Sendo criativo/improvisando
Põe a cachola pra funcionar
Com o que estiver na sua lista de compras

For some reason, I find the colloquial "cachola" more soundy in this context than "miolos".

Better than "sendo criativo": "Só na criatividade/só no improviso". I can imagine a Brazilian rapper singing a verse like this.


----------



## GamblingCamel

Joca said:


> _Põe os miolos p'ra funcionar _
> _com aquilo que está na sua lista de compras._



_Põe os miolos p'ra funcionar _ ~~ works great in terms of syllabics, syntax !!

The second line _com aquilo que está na sua lista de compras_ needs tweaking. 
"With just what you GOT" is forceful, strong, active. Está (to my ears) seems weaker, more passive.


----------



## Casquilho

Hey Camel, you know the expressions "raspar o tacho/raspar a tigela"? You know, when your mother was making a cake, and she let you to lick what remained of uncooked mass (that mixture of milk, flour, sugar, eggs, butter) from the bow with a spoon?

A Brazilian mother would say, "Você pode raspar a tigela".

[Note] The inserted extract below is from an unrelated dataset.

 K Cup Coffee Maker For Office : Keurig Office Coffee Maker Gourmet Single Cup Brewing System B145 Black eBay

Maybe "dish off" in some contexts has something to do with that?


----------



## Joca

*... com o que você tem na sua lista de compras.*


----------



## Casquilho

_with just what you got on your shopping list_

May I paraphrase it? 

_com tudo o que tiver à mão na sua geladeira_.
"with all that is at hand on your refrigerator."

Here "tiver" is colloquial contraction of "estiver". It is weird to mix the idea of cooking impromptu, so trickery, with the idea of shopping list, a thing typical of organized and methodical people.


----------



## GamblingCamel

_posted before I saw the most recent comments from C & J_



Casquilho said:


> Só no improviso
> Põe a cachola pra funcionar
> Com o que estiver na sua lista de compras



I like "Só no improviso". It's declarative, simple. 
I thought a Brazilian rapper might actually say "free style" in EN. Não?

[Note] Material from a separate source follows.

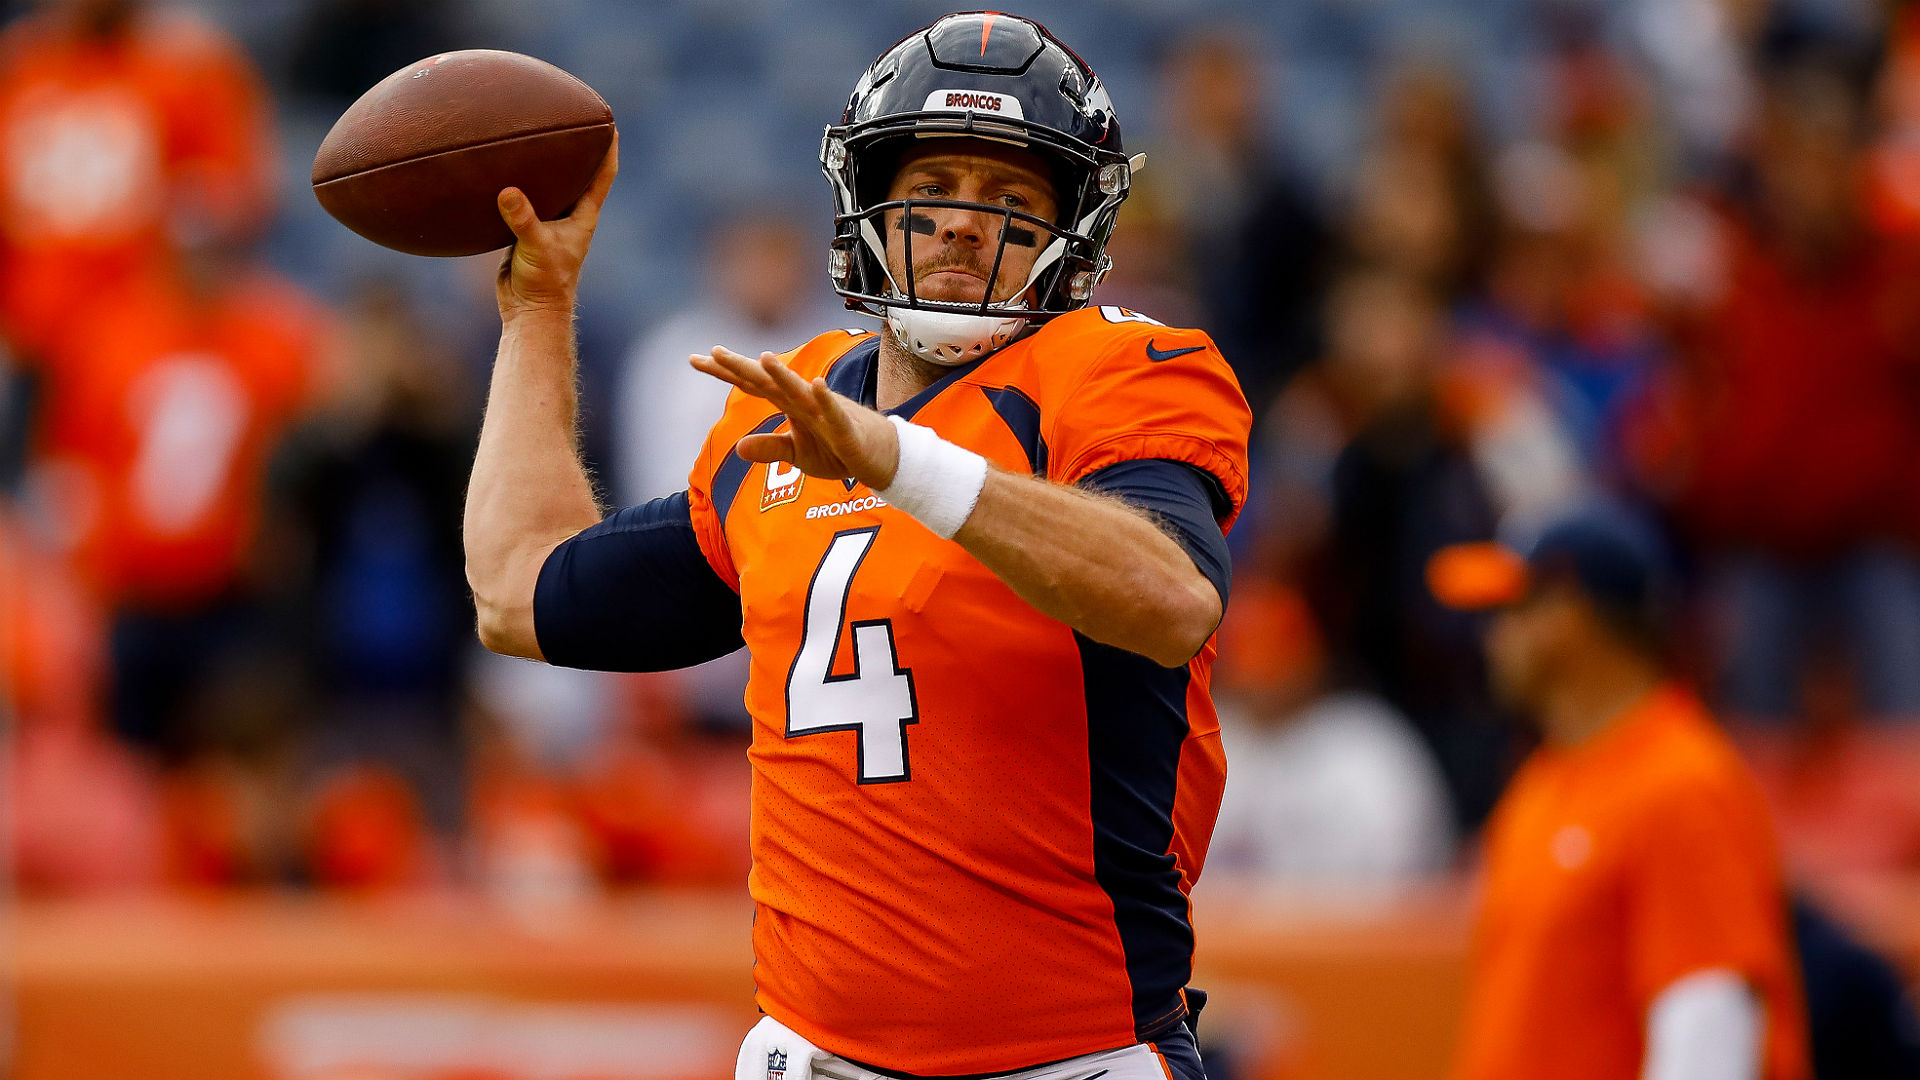 NFL trade rumors: Broncos to shop quarterback Case Keenum

My North American ears have a huge problem with the verb ESTAR. I know that in PT it can convey "activeness", but I hear/interpret it as TO BE which comes across as abstract, indefinite.
Casquilho, I don't understand the verb tense for "estivar". _And thank you_.


----------



## GamblingCamel

Casquilho said:


> Hey Camel, you know the expressions "raspar o tacho/raspar a tigela"? You know, when your mother was making a cake, and she let you to lick what remained of uncooked mass (that mixture of milk, flour, sugar, eggs, butter) from the bow with a spoon?


"Scrape the bowl" definitely evokes a similar meaning.
Do you think that the RASPAR conceit can be poetically stretched --> _scrape off the top of the brain._


----------



## Casquilho

Yes, free style may be used by a Brazilian rapper, since it is a term widely spread in untranslated English as a subgender of rap and of the culturally near sport of skateboarding.

estiver... that's somewhat hard to explain.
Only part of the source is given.